## WHAT THE TASK ASKS
Quote the material exactly from the line that contains "Cartoons Bam Bam - Etsy Australia" through its last line. Any pictures are to be left out.

## SUPPLIED INFORMATION
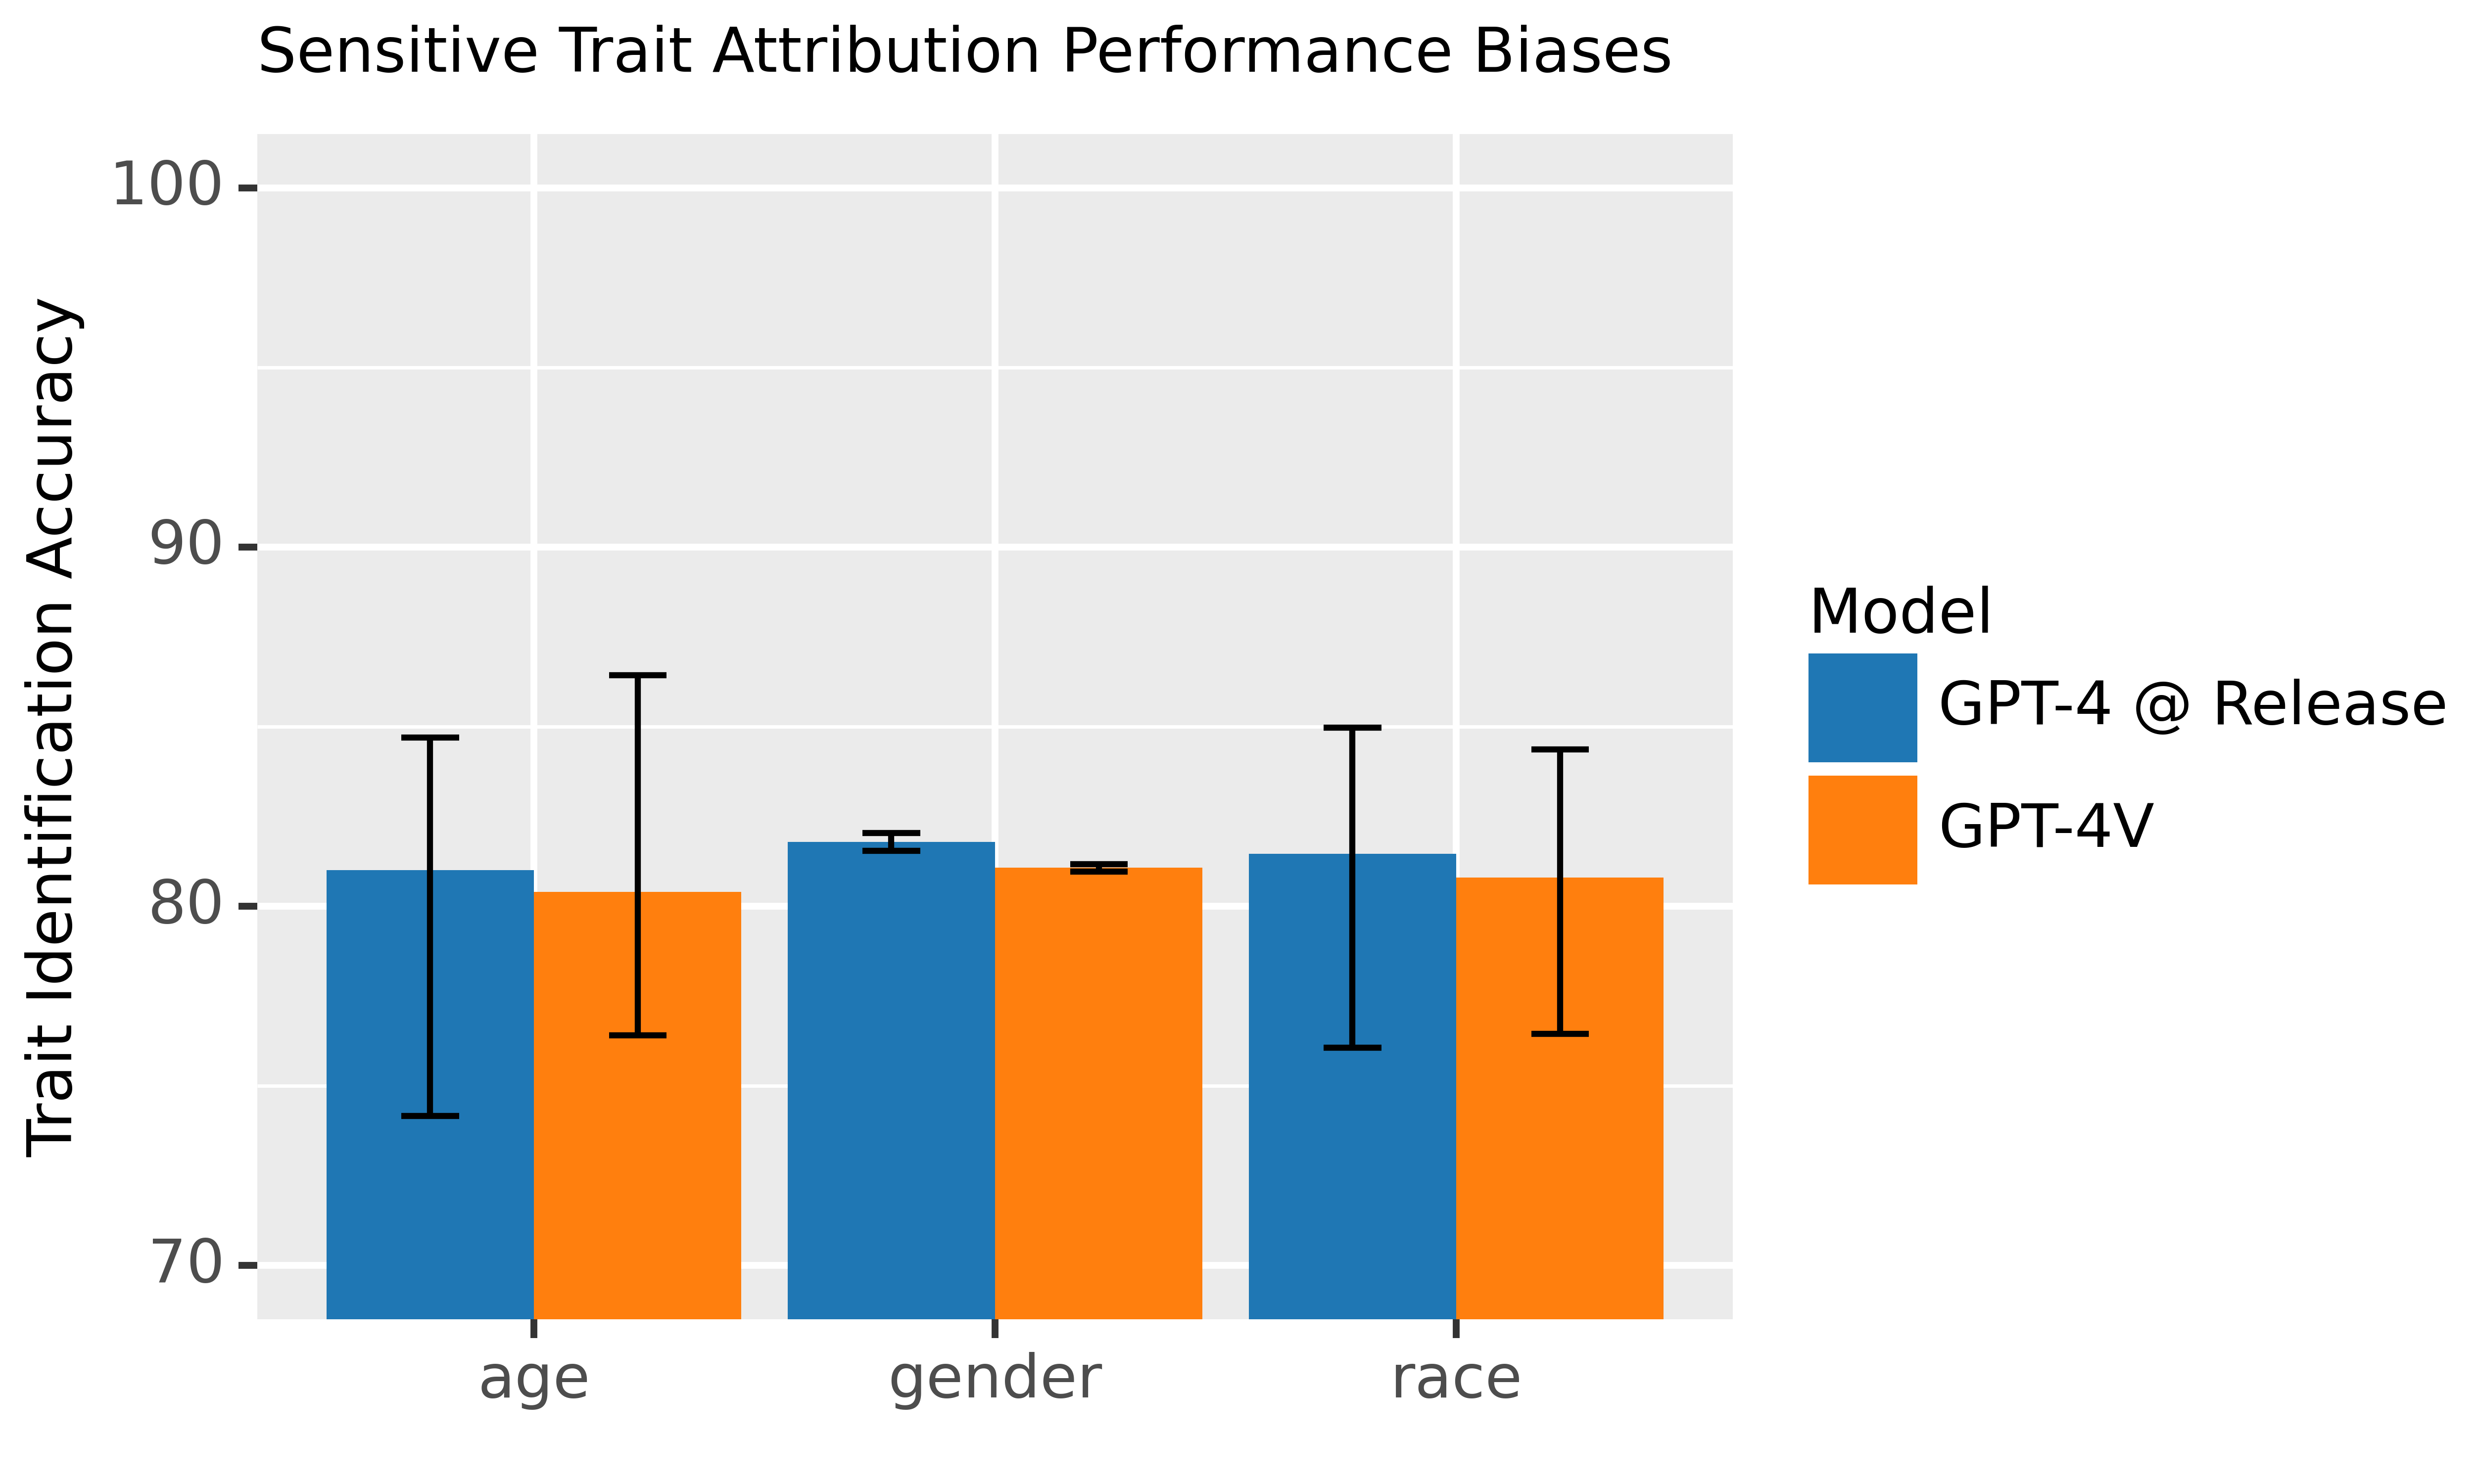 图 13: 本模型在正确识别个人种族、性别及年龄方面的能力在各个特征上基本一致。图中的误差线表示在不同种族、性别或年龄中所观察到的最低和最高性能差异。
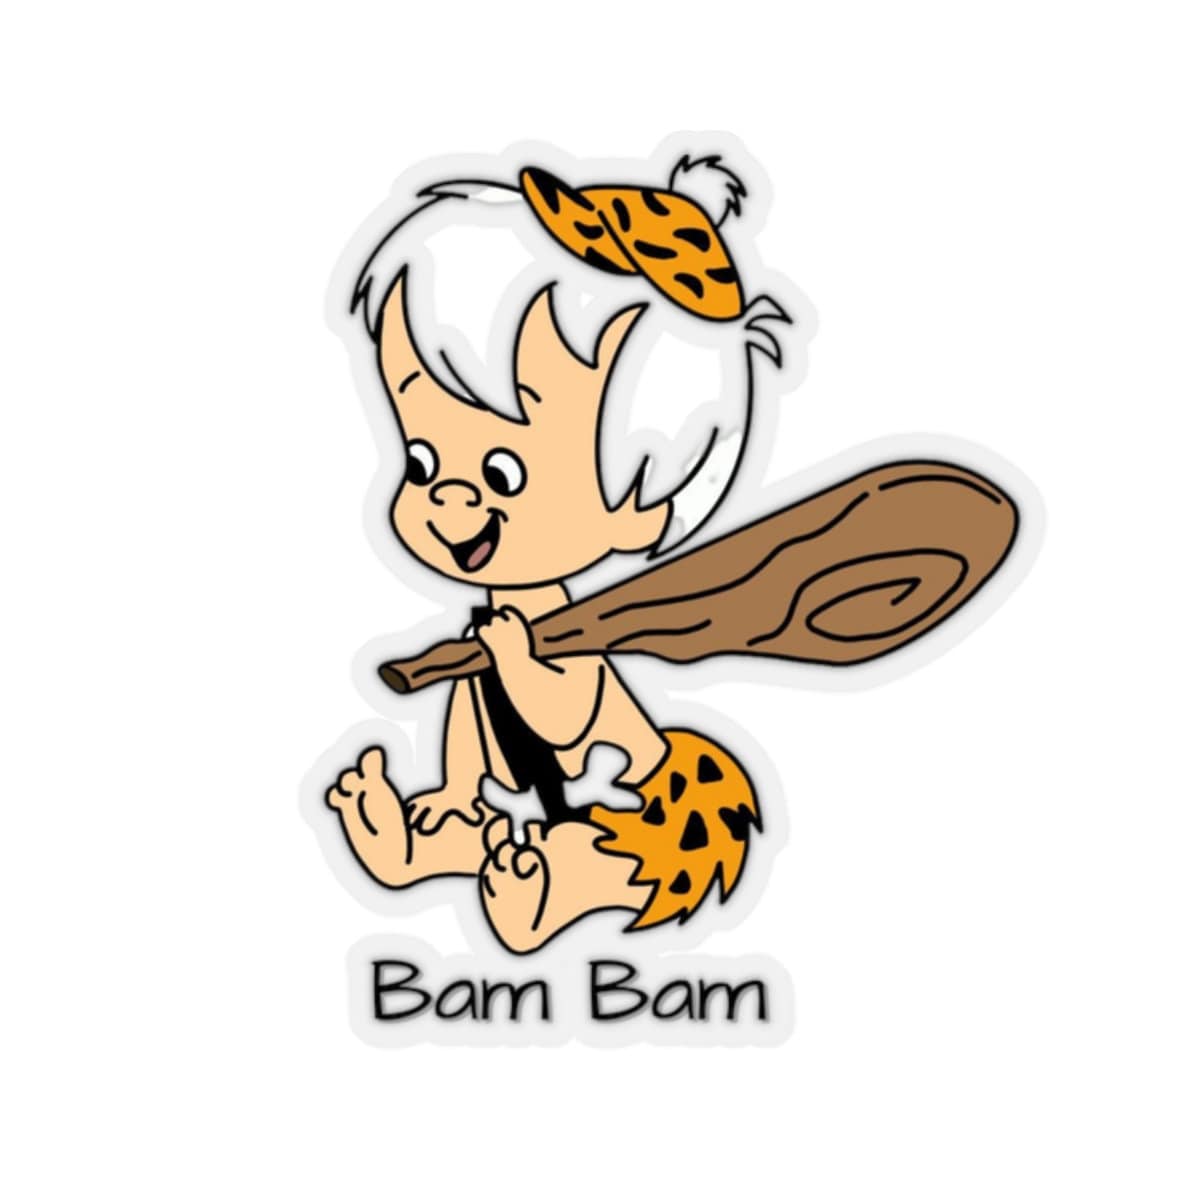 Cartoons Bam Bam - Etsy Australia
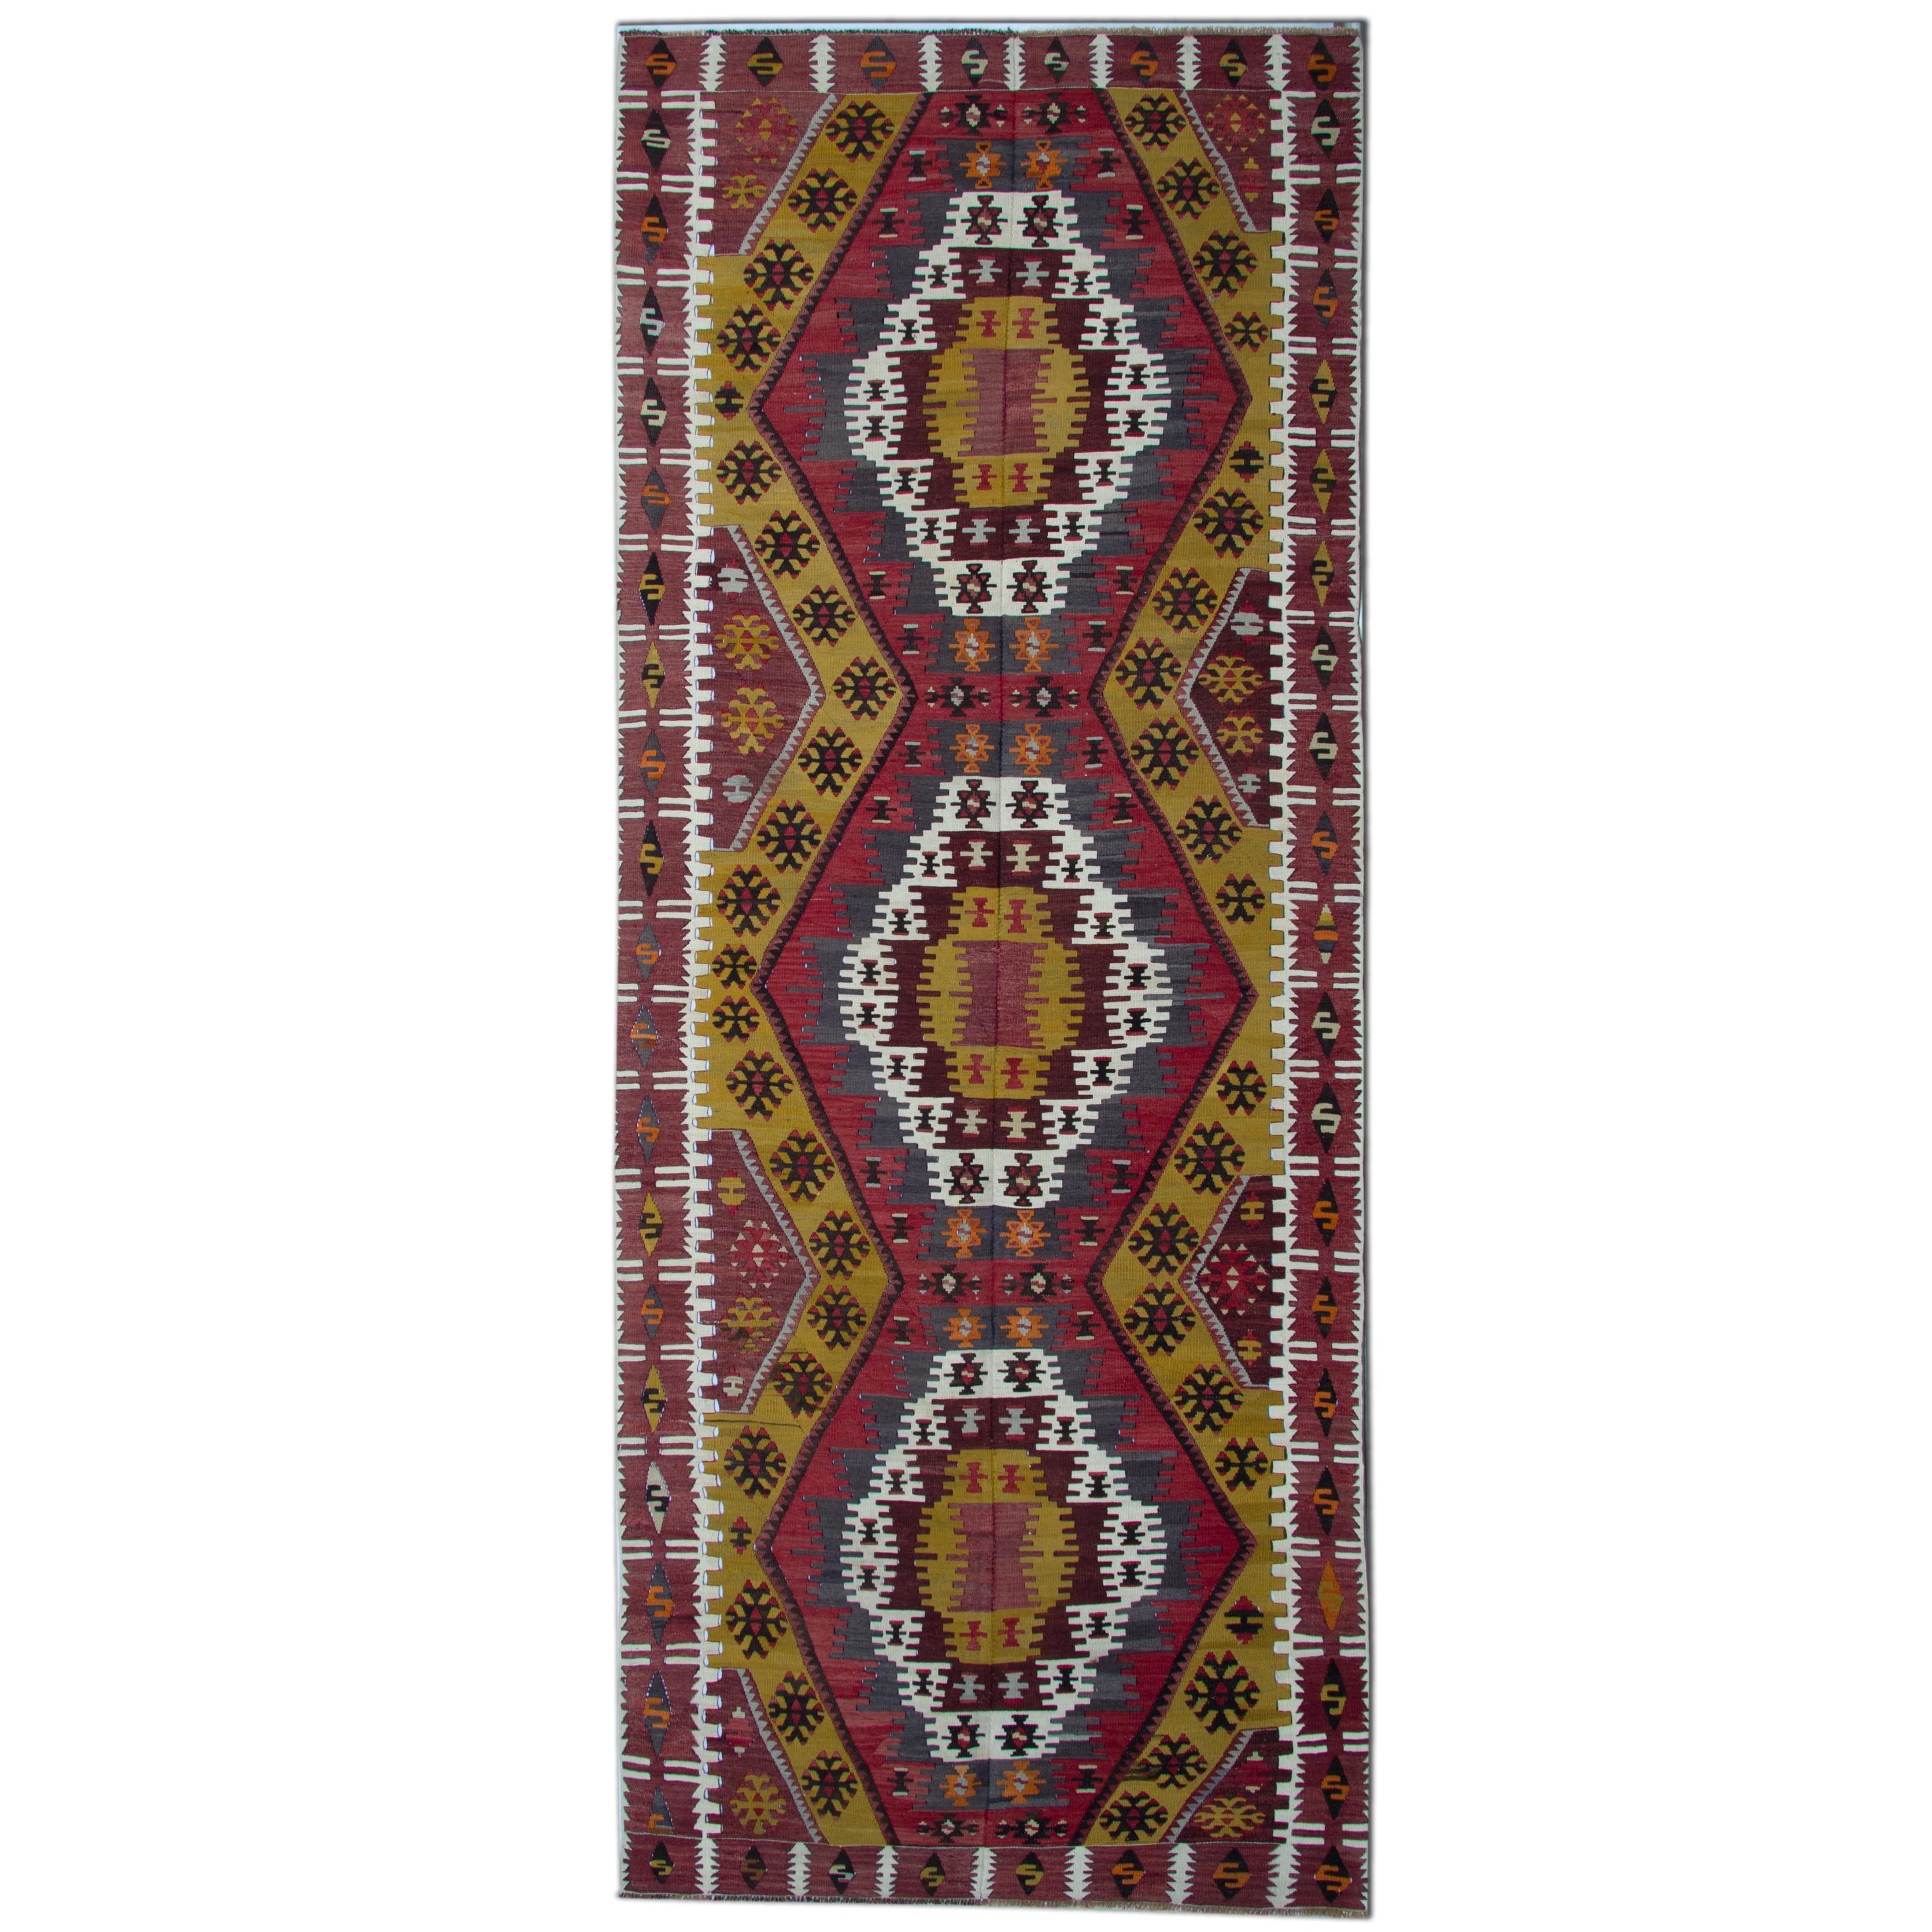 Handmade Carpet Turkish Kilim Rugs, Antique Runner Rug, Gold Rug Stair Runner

## EXERCISE SOLUTION
 Cartoons Bam Bam - Etsy Australia
 Handmade Carpet Turkish Kilim Rugs, Antique Runner Rug, Gold Rug Stair Runner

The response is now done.